A two dimensional ellipse. Use the axes argument to control which are used (default is [0,1]). The default rotate_angle is 0, such that the major axis is east-west.

Required args: major_radius, minor_radius

Optional args: axes, rotate_angle, rotate_angle_deg

Example:

# North-south aligned ellipse
sp_ellipse (
    major_radius => 300000,
    minor_radius => 100000,
    axes         => [0,1],
    rotate_angle => 1.5714,
)

sp_get_spatial_output_list_value

Obtain a value from a list in a previously calculated spatial output.

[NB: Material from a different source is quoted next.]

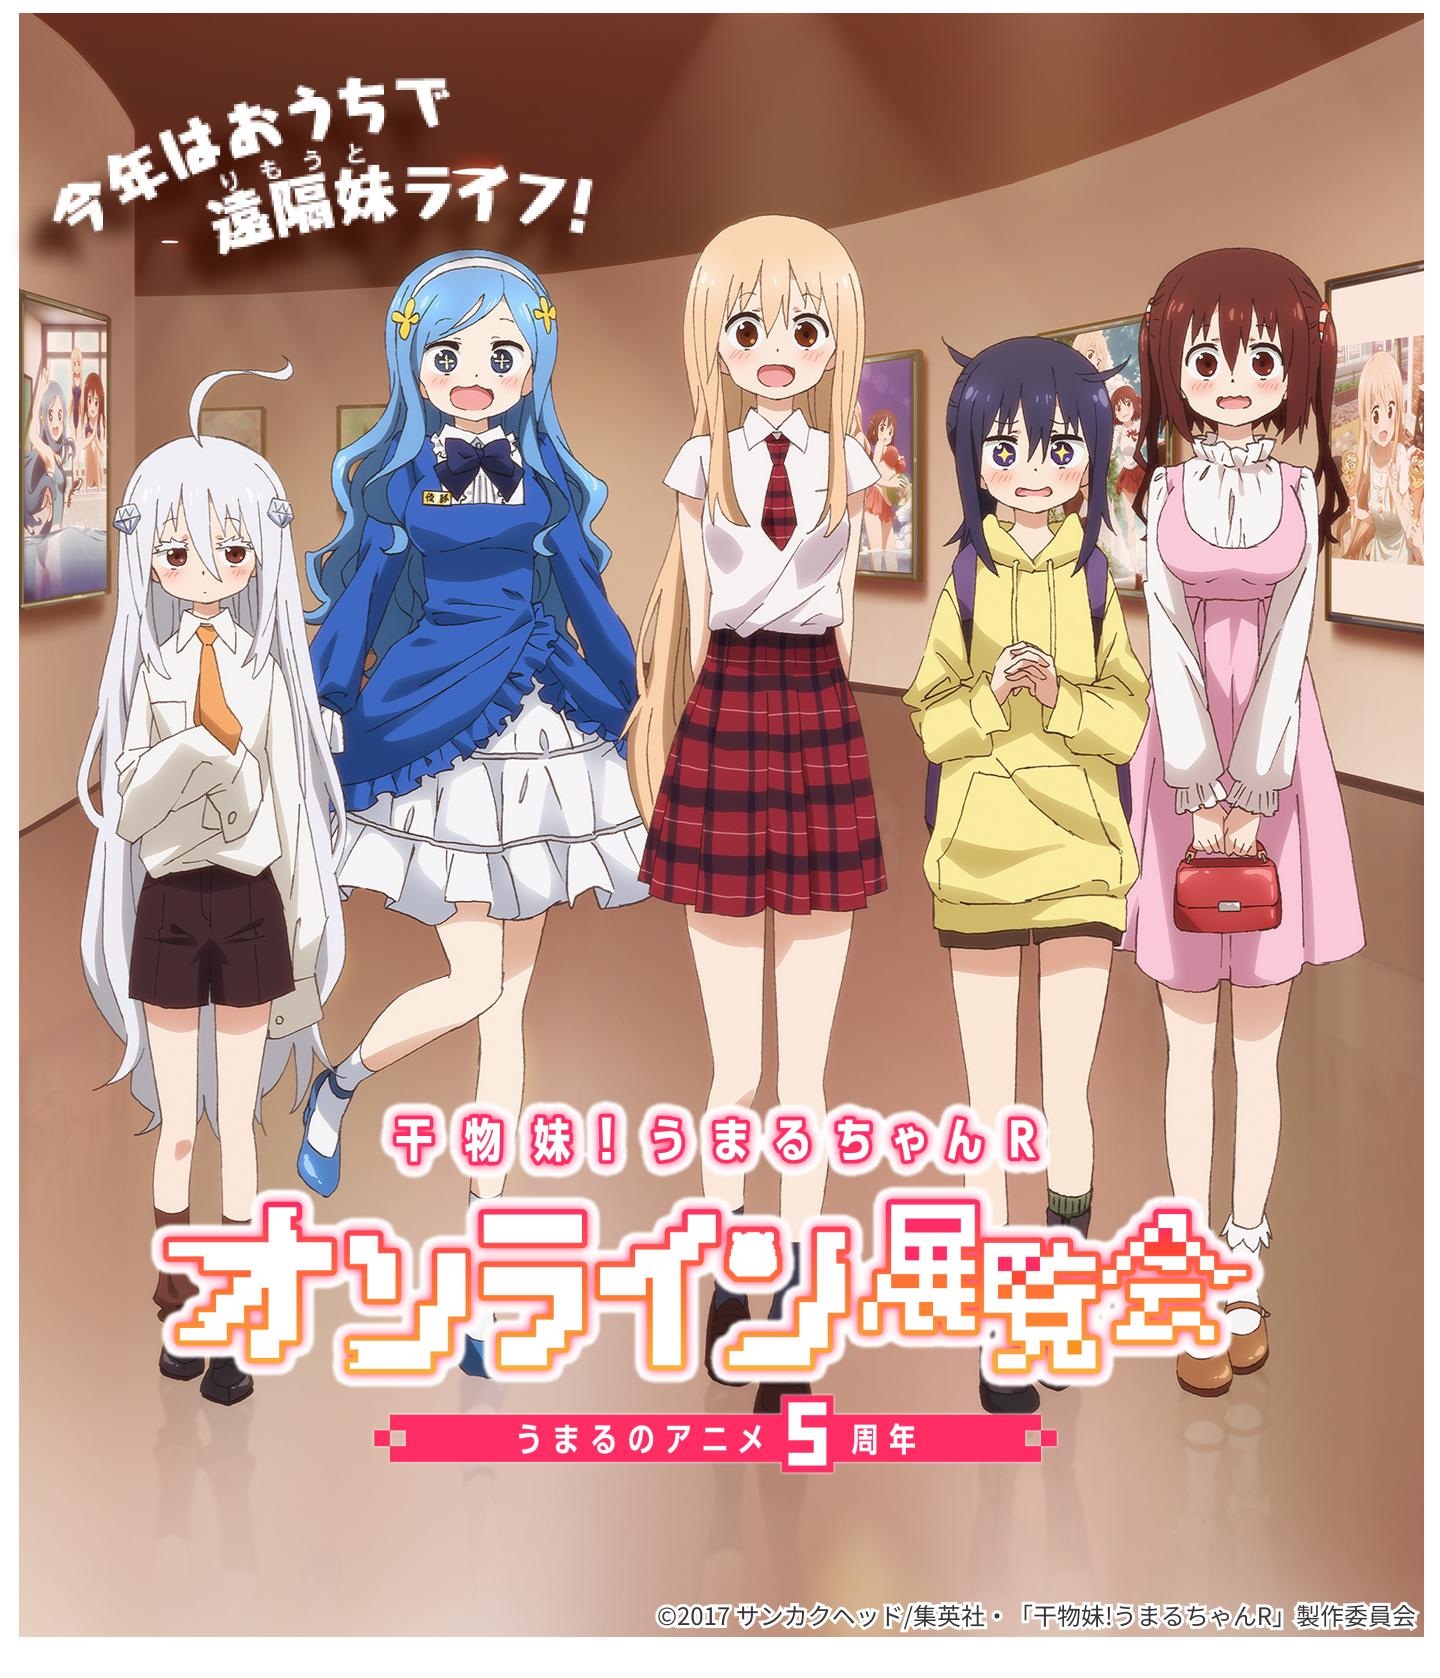 「干物妹!うまるちゃんR 」アニメ5周年記念オンライン展覧会開催中!うまるたちの解説ボイスも全部無料で楽しめる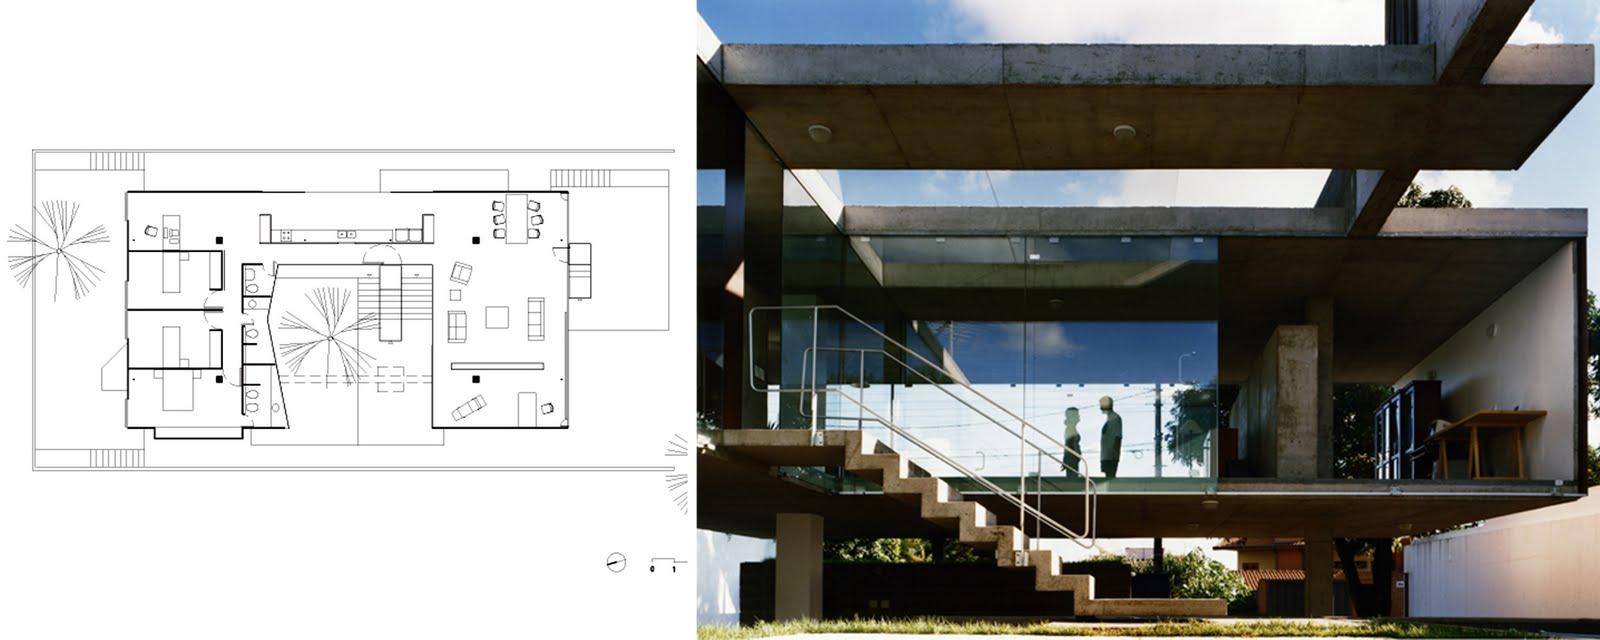 Ejercicio 1 - Analisis De Casas

Required args: index, output

Optional args: element, list, no_error_if_no_index

Example:

#  Get the spatial results value for the current neighbour group
# (or processing group if used as a def query)
sp_get_spatial_output_list_value (
    output  => 'sp1',              #  using spatial output called sp1
    list    => 'SPATIAL_RESULTS',  #  from the SPATIAL_RESULTS list
    index   => 'PE_WE_P',          #  get index value for PE_WE_P
)

#  Get the spatial results value for group 128:254
#  Note that the SPATIAL_OUTPUTS list is assumed if
#  no 'list' arg is passed.
sp_get_spatial_output_list_value (
    output  => 'sp1',
    element => '128:254',
    index   => 'PE_WE_P',
)

sp_group_not_empty

Is a basedata group non-empty? (i.e. contains one or more labels)

Required args: none

Optional args: element

Example:

# Restrict calculations to those non-empty groups.
#  Will use the processing group if a def query,
#  the neighbour group otherwise.
sp_group_not_empty ()

# The same as above, but being specific about which group (element) to test.
#  This is probably best used in cases where the element
#  to check is varied spatially.}
sp_group_not_empty (element => '5467:9876')

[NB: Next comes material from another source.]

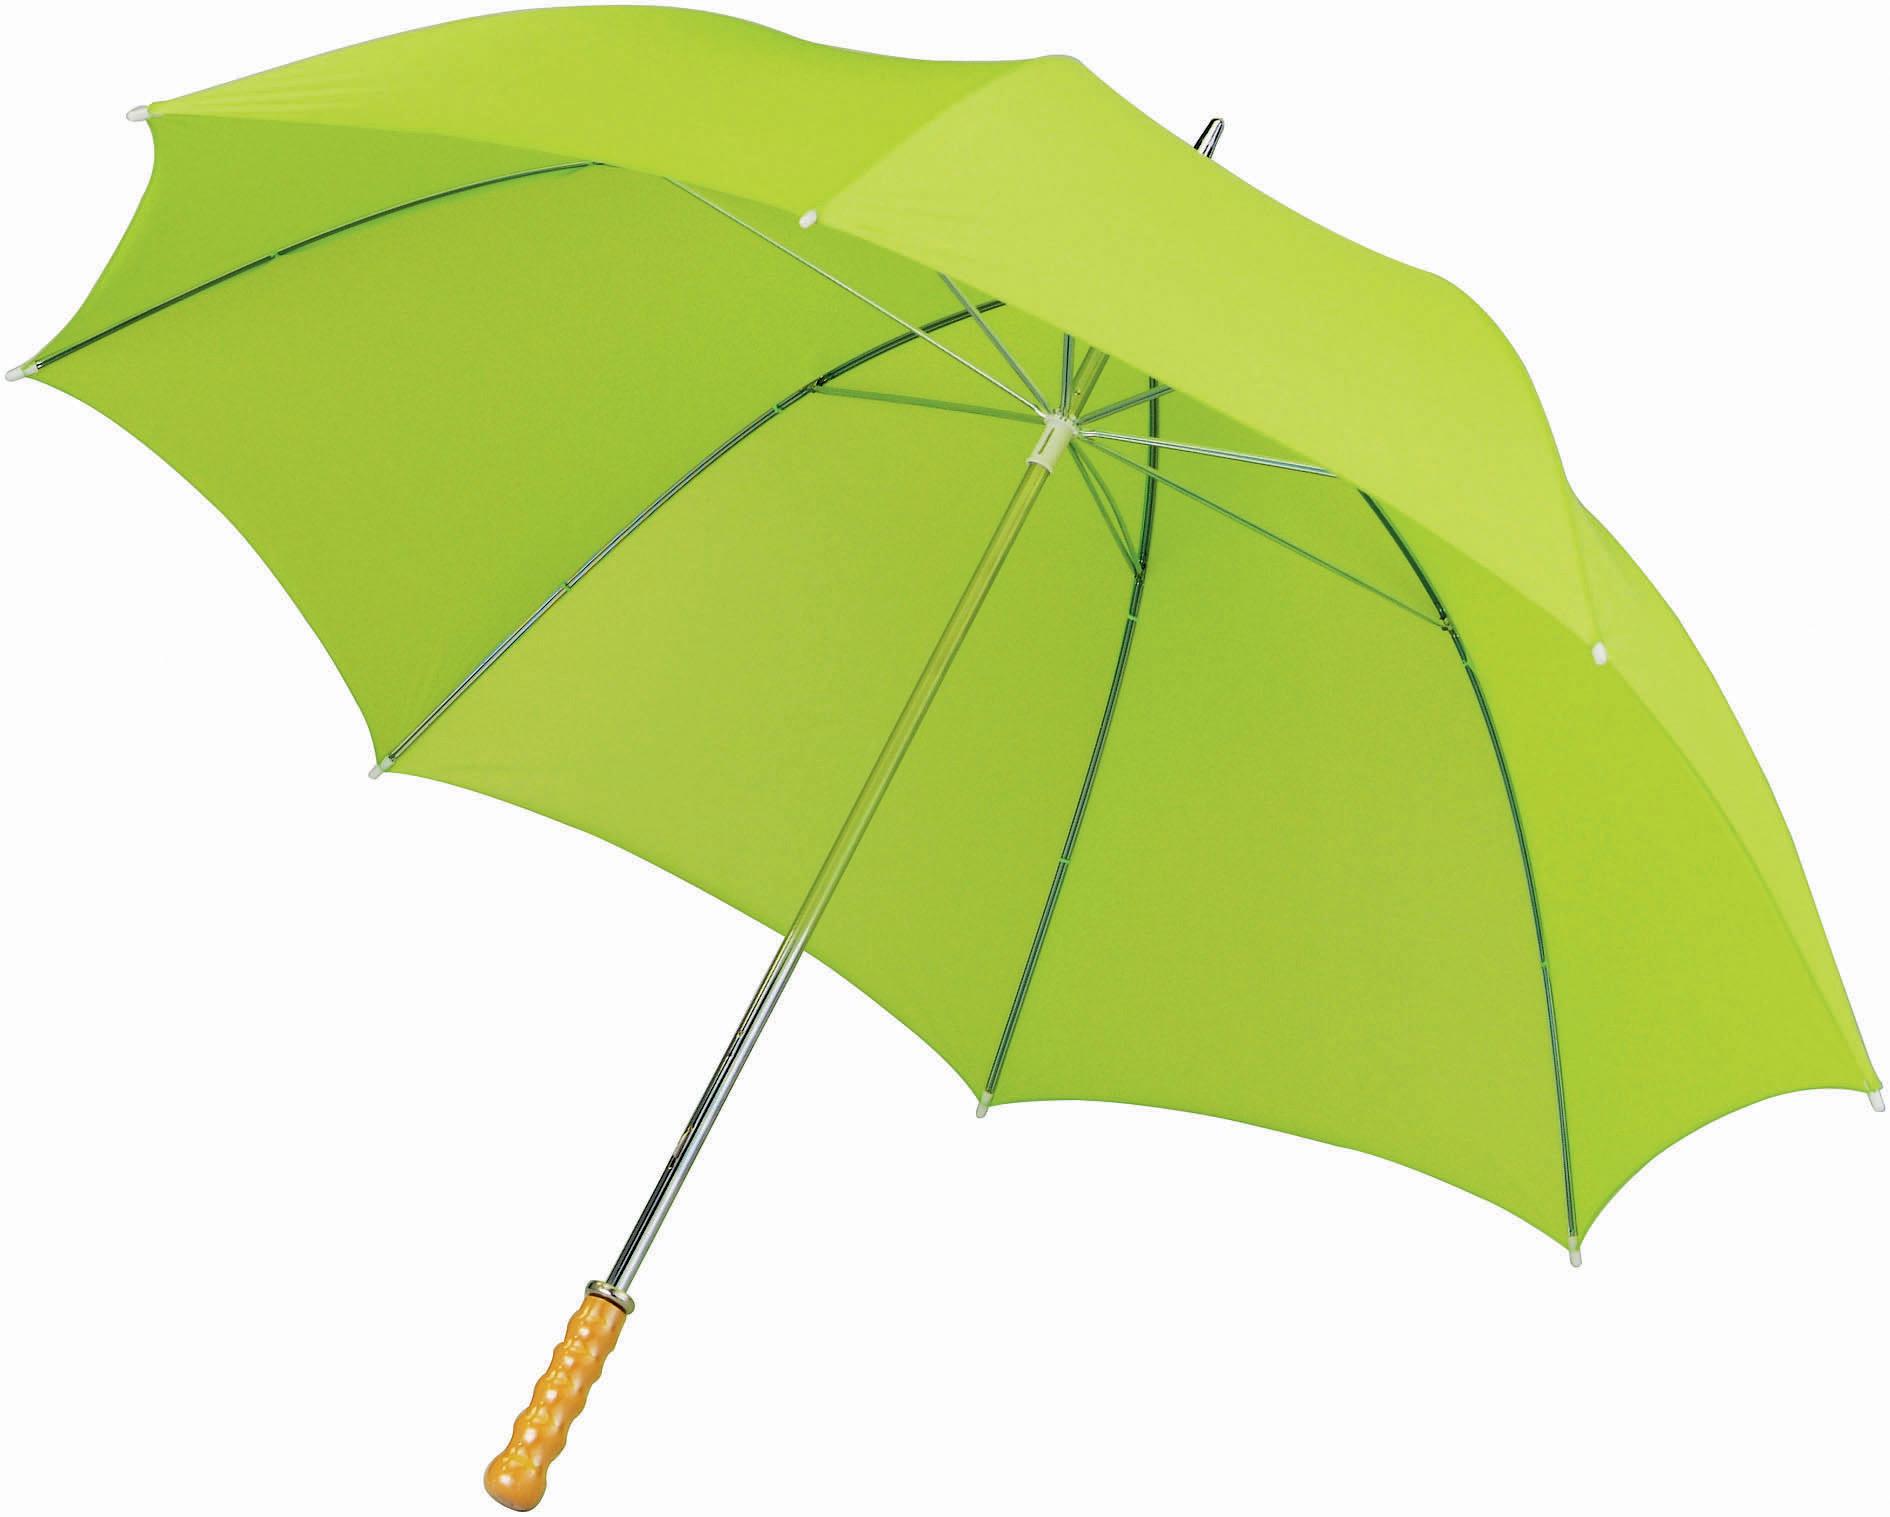 Ombrello personalizzato mod cx 800 1 for Sotto la pioggia ombrelli

sp_in_label_ancestor_range

(Available from version 5.1)

Is a group within the range of a label’s ancestor?

Returns true if the group falls within the range of any of the any of the ancestor’s terminal descendant ranges. The range is by default defined as the set of groups in the basedata containing that label. Polygons can also be specified (see below).

The ancestor is by default defined by length along the path to the root node. Setting the by_depth option to true uses the number of ancestors. The by_tip_count option finds the first ancestor with at least the target number of tips while by_desc_count uses the number of descendants (tips and internals). The by_len_sum finds the first ancestor for which the sum of its descendant branch lengths plus its own length is greater than the target.

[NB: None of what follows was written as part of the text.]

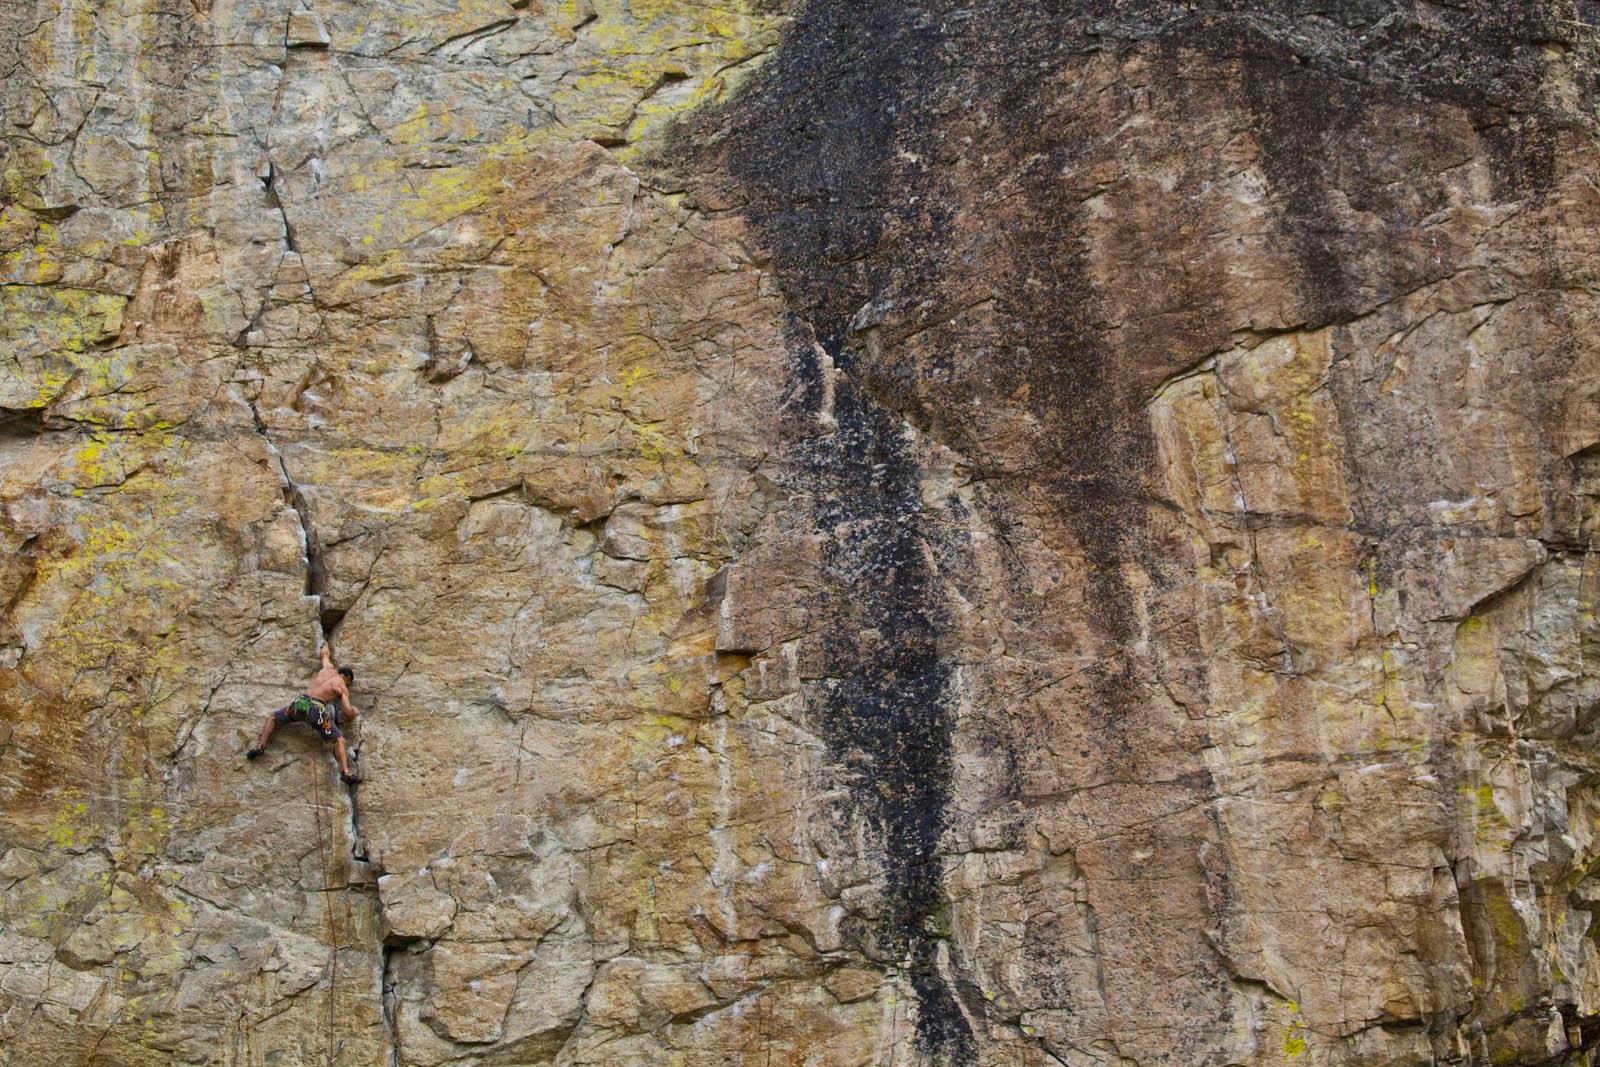 Marco Delesalle, Snake Bite 11d, Skaha Penticton, BC

Negative target values with by_length or by_depth search the path from the root to the specified node. However, if a by_*_count option is used then a negative target is treated as zero and returns the specified label range is returned.

The target argument determines how far up or down the tree the ancestor is searched for. When using length, the distance includes the tipwards extent of the branch. The depth is calculated as the number of ancestors.

If the target value exceeds that to (or of) the root node then the root or label node is returned for positive or negative dist values, respectively.

An internal branch can be specified as the label. Specifying a target of 0 for an internal node is one means to use the range of an internal node.

Returns false if the label is not associated with a node on the tree.

When the as_frac argument is true then target is treated as a fraction of the distance to the root node, the number of tips, or the sum of all branches, as appropriate.

If the eq argument is true then the branch lengths are all treated as of equal length (the mean of the non-zero branch lengths), although zero length branches remain zero. This is the same as the alternate tree used in CANAPE.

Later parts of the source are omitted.